The Lord Lieutenant of Nottingham (William Cavendish-Bentinck, 6th Duke of Portland) and the Mayor of Nottingham convened a public meeting in 1919 to discuss proposals for a city war memorial, to commemorate around 40,000 men from Nottinghamshire who served in the British armed forces during the First World War, around 10,000 of whom were killed.
Suggestions included building a university, expanding the city's general hospital, an ex-serviceman's organisation, memorial homes, a campanile, a sculpture, or an architectural monument.
Overcoming complaints that the money would be better spent on supporting servicemen and their dependents, the city council announced in October 1922 that the land would become a 36 acres (15 ha) public park with a memorial gateway.
The interior walls of the archway have bronze plaques with inscriptions, including one inscribed with the words of tribute that the French Marshal Foch gave to the Sherwood Foresters in 1918.

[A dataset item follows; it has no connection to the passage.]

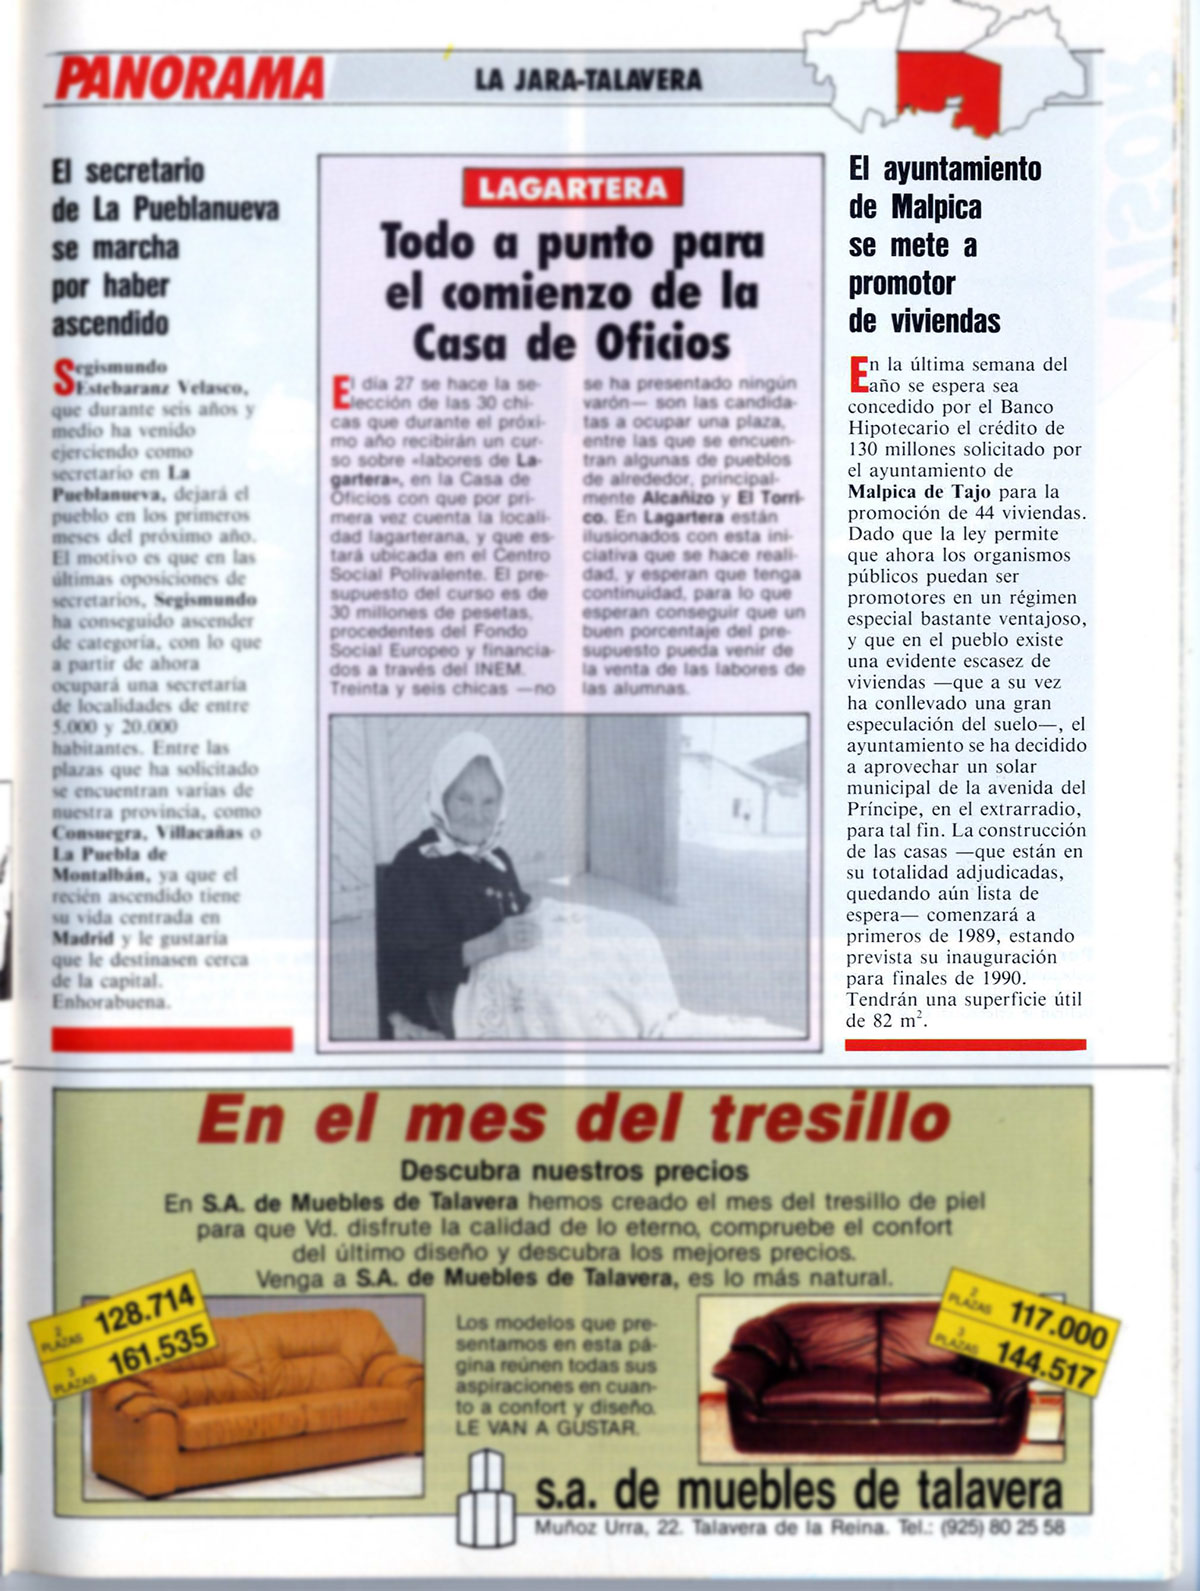 El ayuntamiento de Malpica de Tajo promueve la constucción de 44 nuevas viviendas. Bisagra. N.º 60, 25-31/12/1988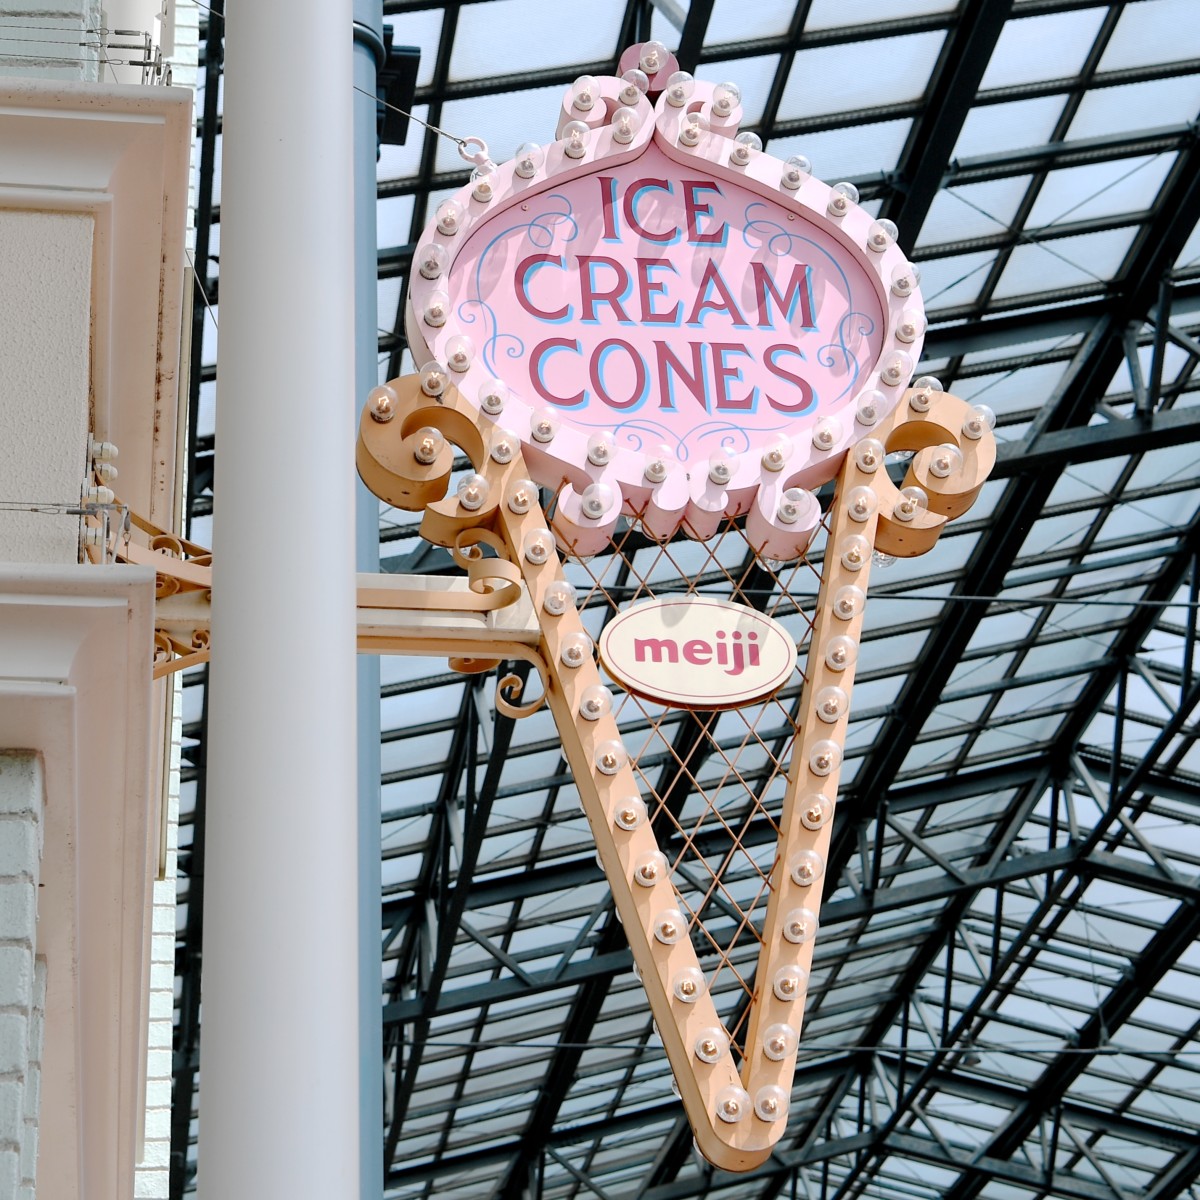 ポップでかわいいトッピング 東京ディズニーランド Pink Pop Paradise ソフトクリーム チョコレート

After delays attributed to the extensive groundworks, the memorial was unveiled by Edmund Huntsman, Mayor of Nottingham, on 11 November 1927.
A new Great War Memorial was unveiled nearby in 2019 by the Prince Edward, Duke of Kent, with a 5 m (16 ft) high stone monolith surrounded by a raised penannular ring faced with Portland stone and faced with slate panels etched with the names of the 13,501 people from the county of Nottinghamshire who were killed in the First World War, including civilians killed by a Zeppelin raid in 1916, casualties of an explosion at the National Shell Filling Factory, Chilwell in 1918, and soldiers shot at dawn for cowardice or desertion.